WHAT IS EXPECTED -
Output the data below exactly as it is, dropping the pictures from your copy.

ENTRIES PROVIDED -
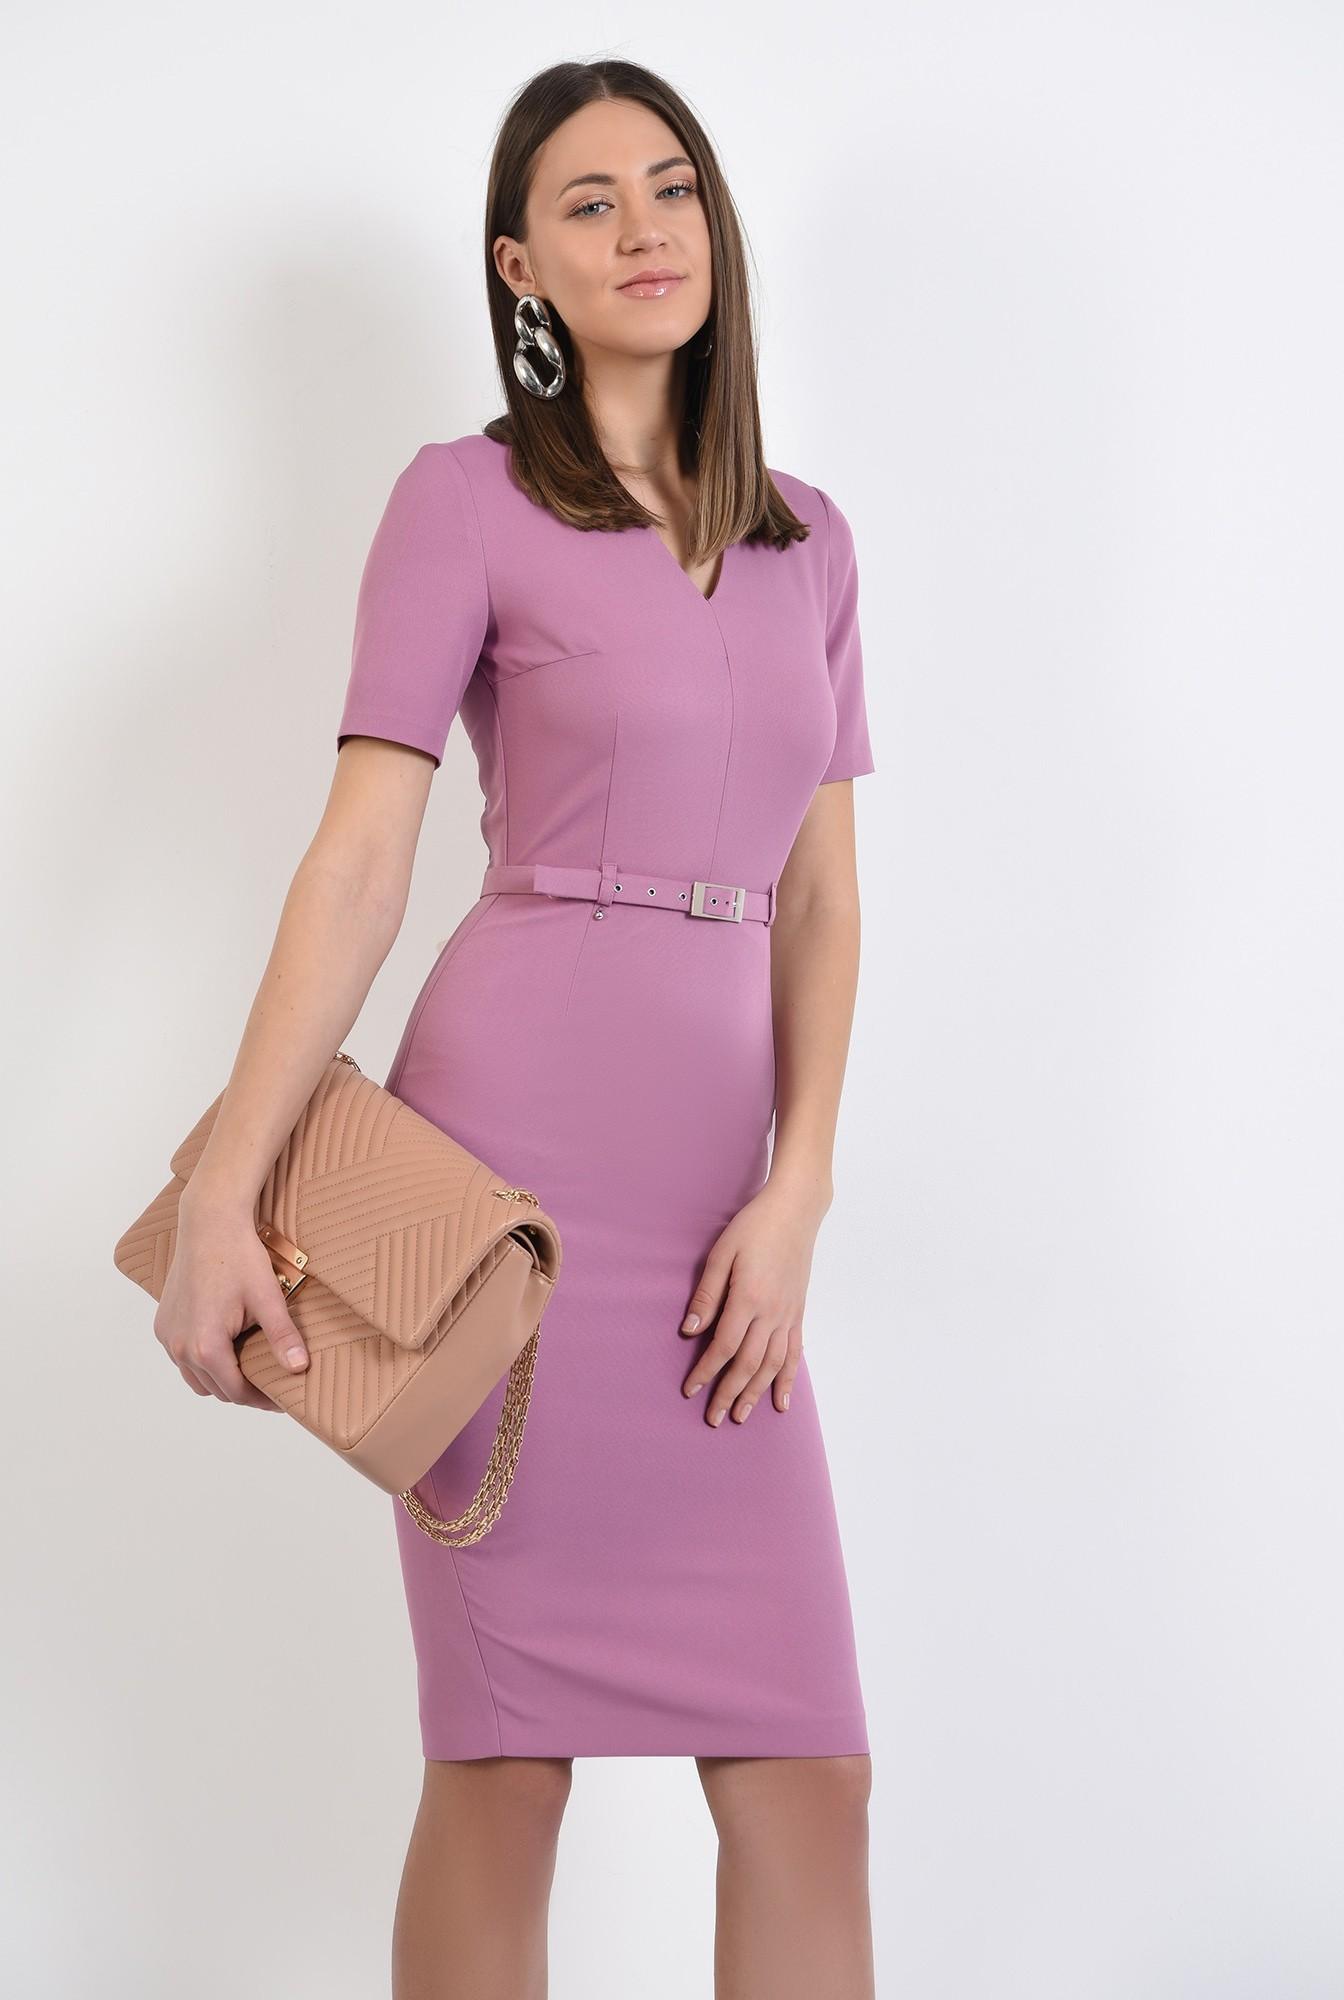 0 - rochie midi, cambrata, cu curea fina, maneci scurte, rochie office, rochie de primavara
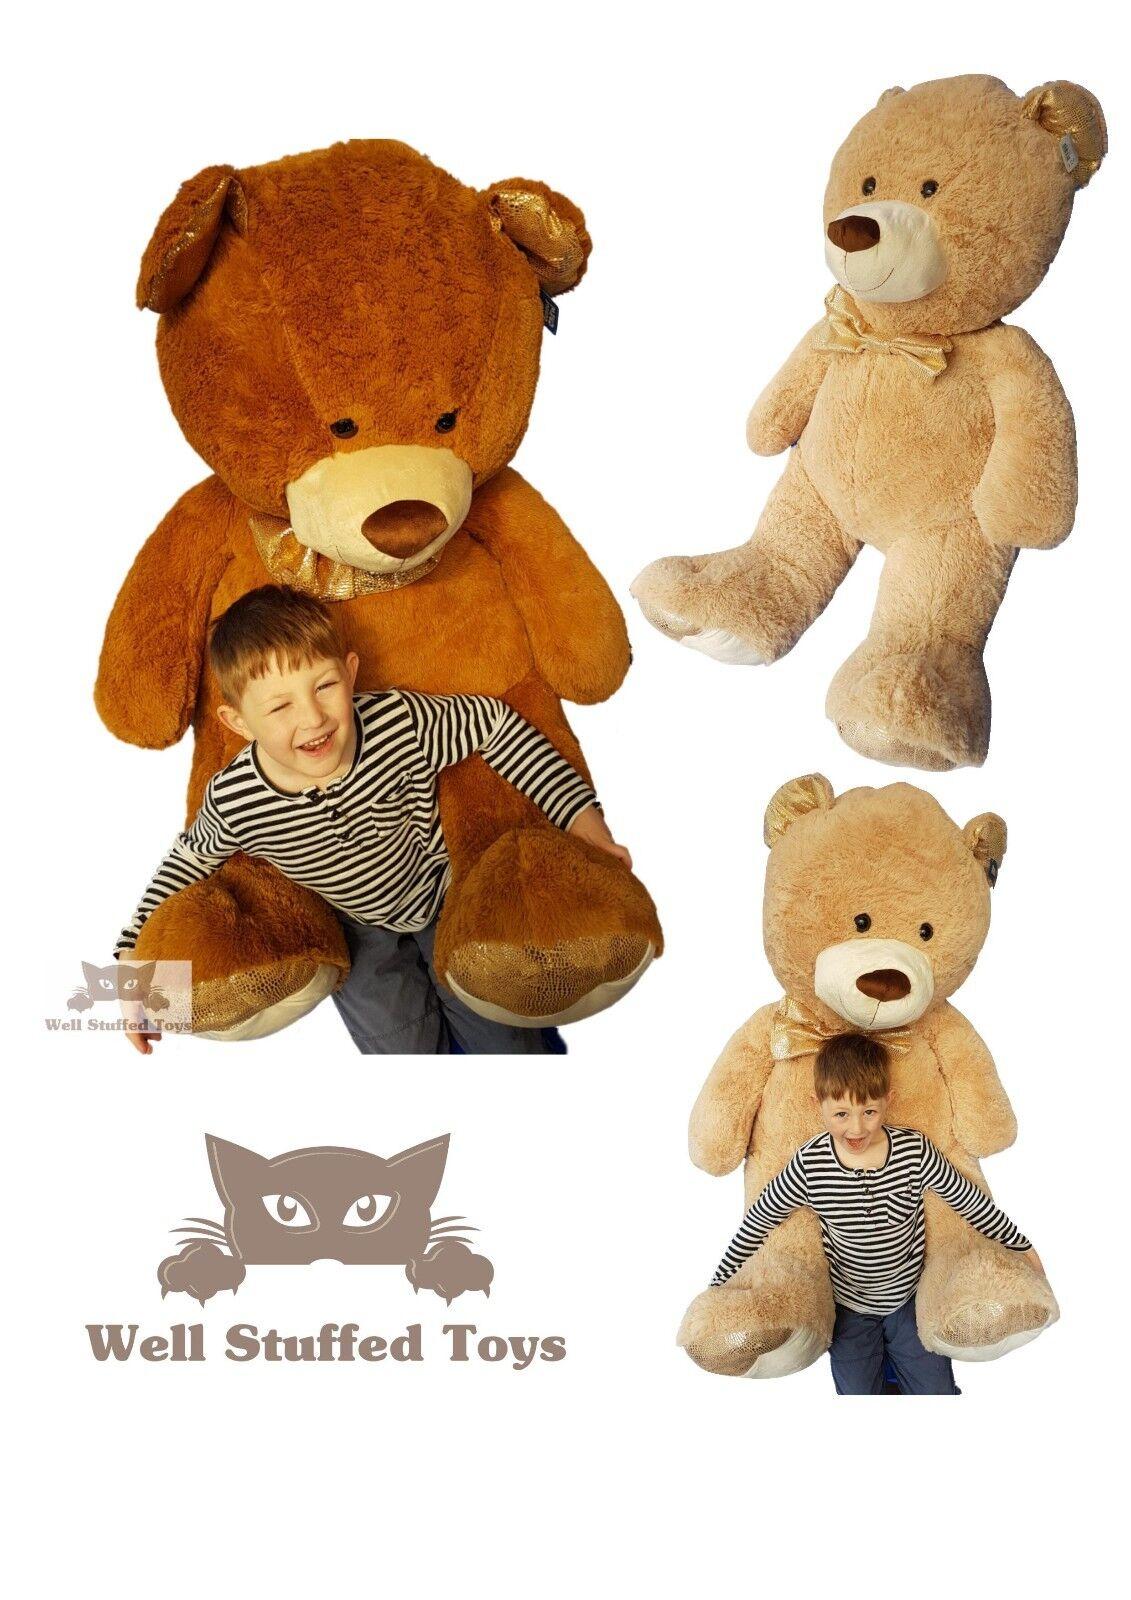 Large Teddy Teddy Bear Giant Teddy Bears Big Soft Plush 105cm Quality golden Paws
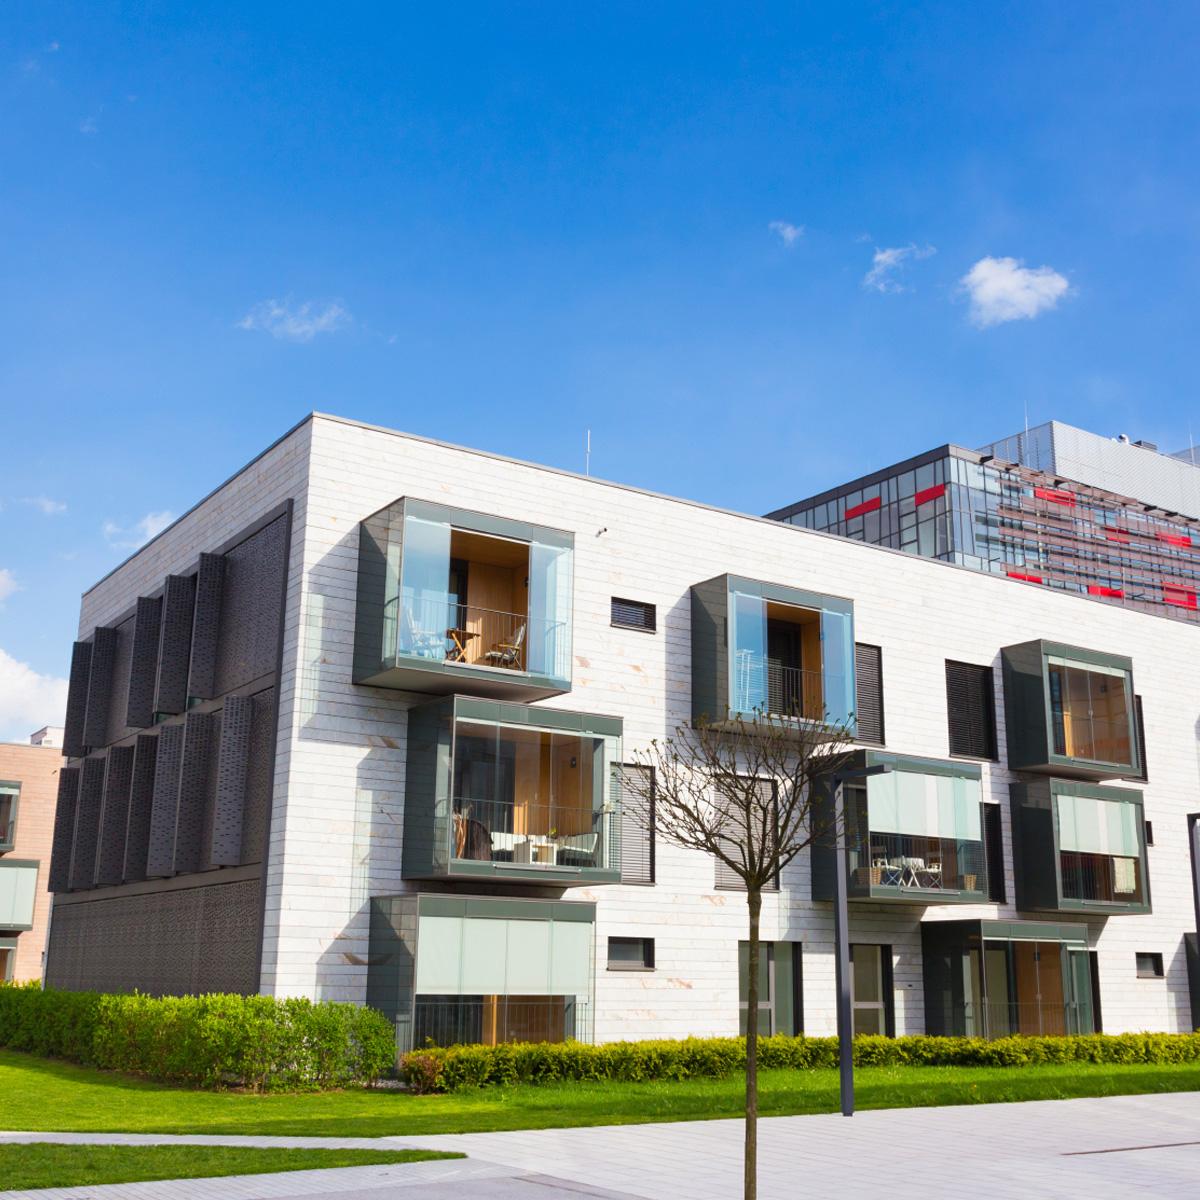 11 student accommodation blocks throughout the UK
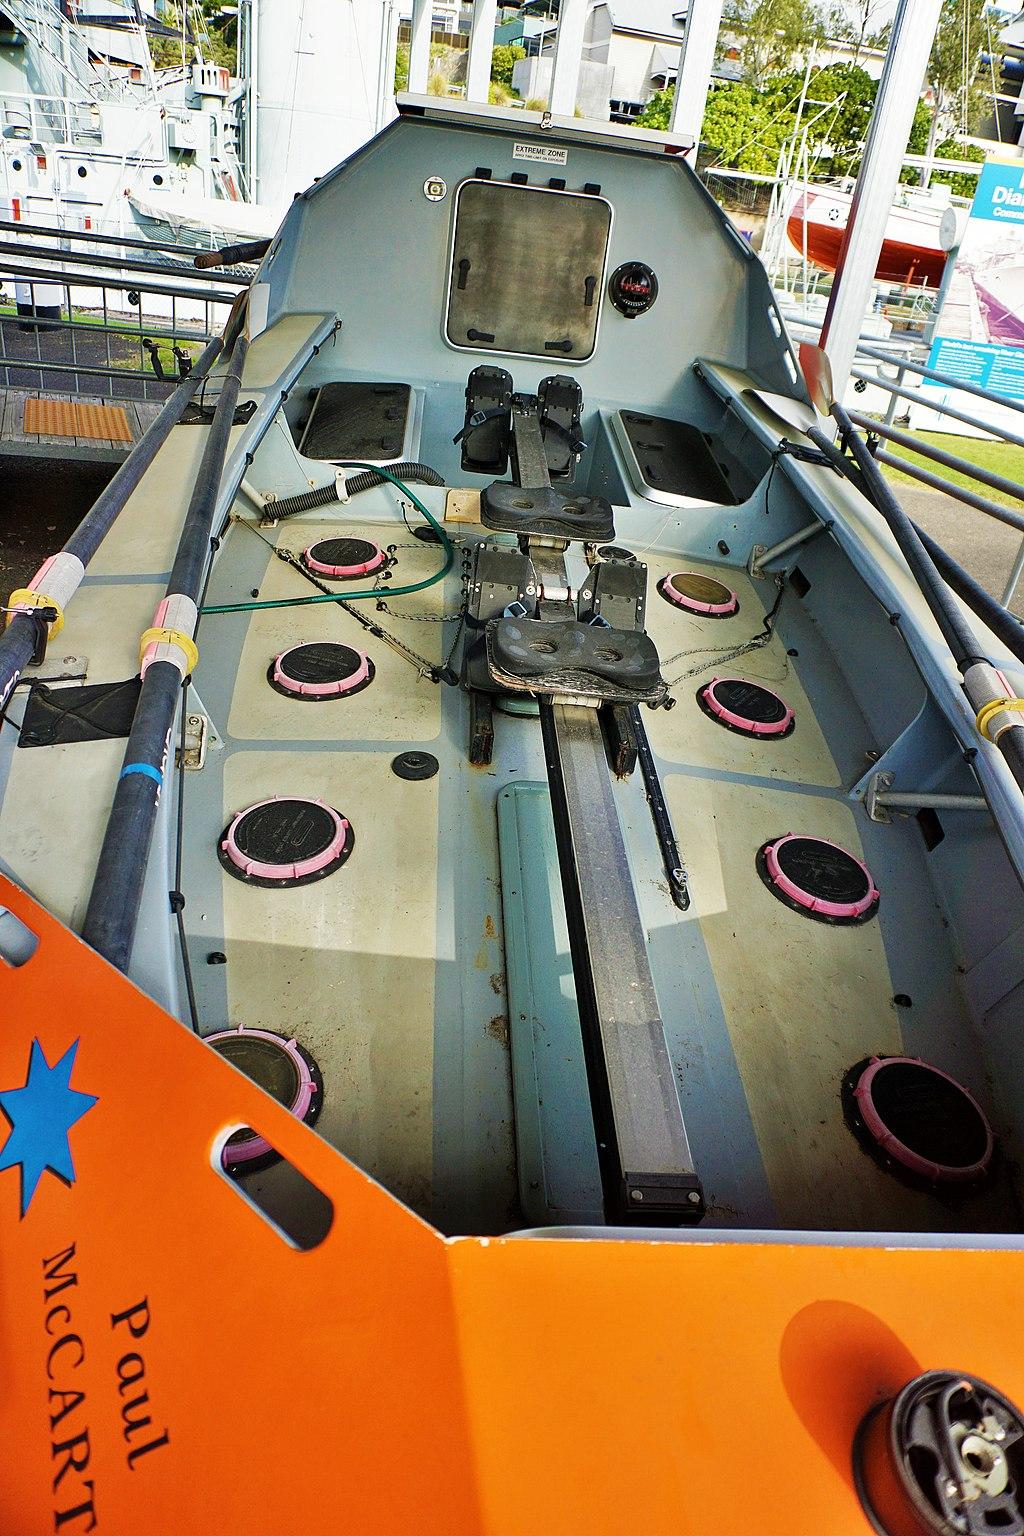 Queensland Maritime Museum - Joy of Museums - Freedom - Atlantic Rowing Race Boat 2
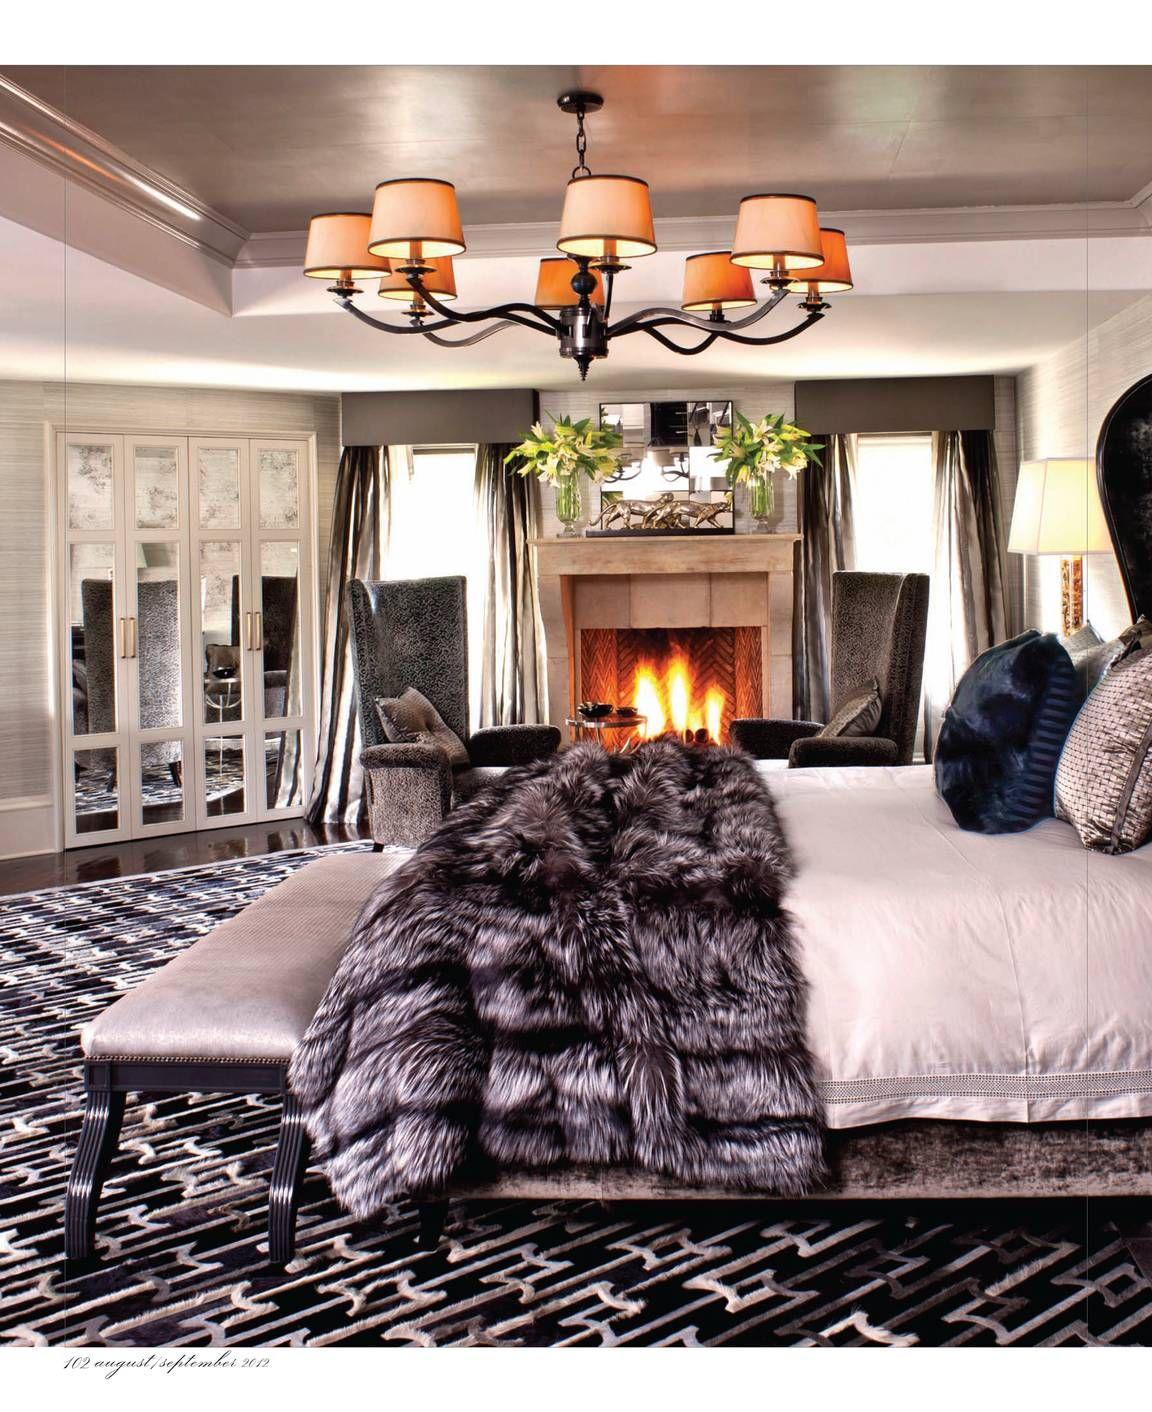 Kris Jenner Bedroom Decor Interiors August September 2012 Page 102 Transitional

TASK RESULT -
 0 - rochie midi, cambrata, cu curea fina, maneci scurte, rochie office, rochie de primavara
 Large Teddy Teddy Bear Giant Teddy Bears Big Soft Plush 105cm Quality golden Paws
 11 student accommodation blocks throughout the UK
 Queensland Maritime Museum - Joy of Museums - Freedom - Atlantic Rowing Race Boat 2
 Kris Jenner Bedroom Decor Interiors August September 2012 Page 102 Transitional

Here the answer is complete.